CODEWITHSUNDEEP
c++c
Sadık
Sadık

Reputation: 4419

Assign memory address stored in int to int

Assuming the value of uint32_t x is an address. How can I get the value behind this address? My try was to simply assign the address to a pointer.

int*y = x;

But x is not an int pointer, it's just int with an address as value.

Upvotes: 0

Views: 104

Answers (2)

P.W
P.W

Reputation: 26800

In C++ this can be done using reinterpret_cast

8.5.1.10 Reinterpret cast [expr.reinterpret.cast]
...
5. A value of integral type or enumeration type can be explicitly converted to a pointer. A pointer converted to an integer of sufficient size (if any such exists on the implementation) and back to the same pointer type will have its original value; mappings between pointers and integers are otherwise implementation-defined. [Note: Except as described in 6.6.4.4.3, the result of such a conversion will not be a safely-derived pointer value. —end note]

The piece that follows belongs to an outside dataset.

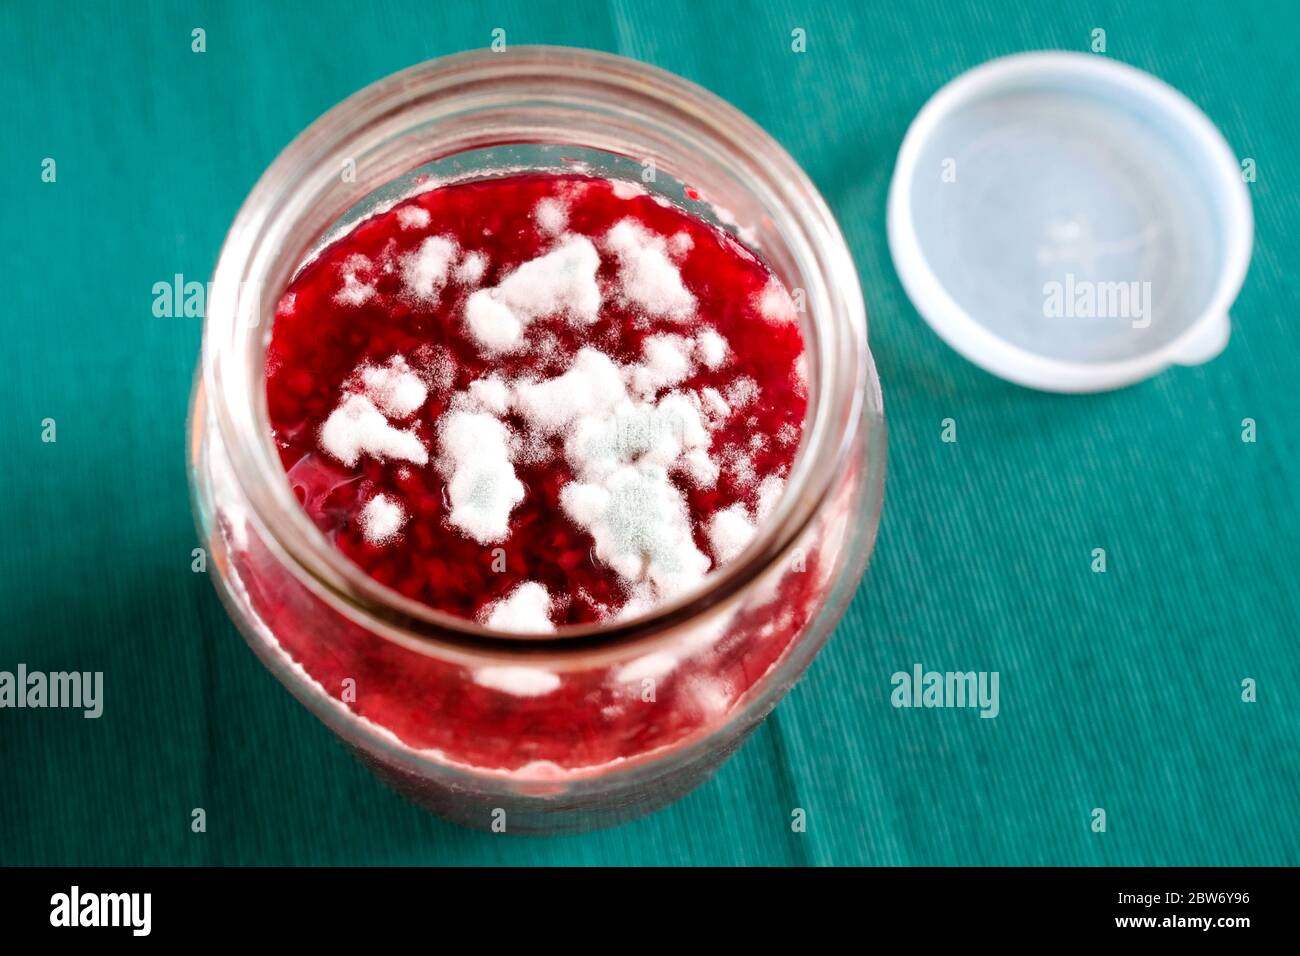 Schimmel auf roter Marmelade. Verdorbenes Produkt in einem Glasgefäß. Grüne  und weiße Pilze Stockfotografie - Alamy

And the rules in 6.6.4.4.3 state:

An integer value is an integer representation of a safely-derived pointer only if its type is at least as large as std::intptr_t and it is one of the following:
—(3.1) the result of a reinterpret_cast of a safely-derived pointer value;
—(3.2) the result of a valid conversion of an integer representation of a safely-derived pointer value;
—(3.3) the value of an object whose value was copied from a traceable pointer object, where at the time of the copy the source object contained an integer representation of a safely-derived pointer value;
—(3.4) the result of an additive or bitwise operation, one of whose operands is an integer representation of a safely-derived pointer value P, if that result converted by reinterpret_cast<void*> would compare equal to a safely-derived pointer computable from reinterpret_cast<void*>(P).

So if x (in the question) has a type at least as large as std::intptr_t and is already an integral representation of a safely derived pointer as per the rules above, you will be able to get the value behind the address stored in x.

Upvotes: 2

eerorika
eerorika

Reputation: 238391

An integer type which is large enough to represent all data pointers can be converted into a pointer using reinterpret_cast or an explicit conversion. The pointer can be indirected to get the pointed value using the indirection operator.

Note that uint32_t is not guaranteed to be large enough to be able to represent all pointer values (and in fact will not be enough on modern 64 bit cpus). uintptr_t is meant precisely for this purpose.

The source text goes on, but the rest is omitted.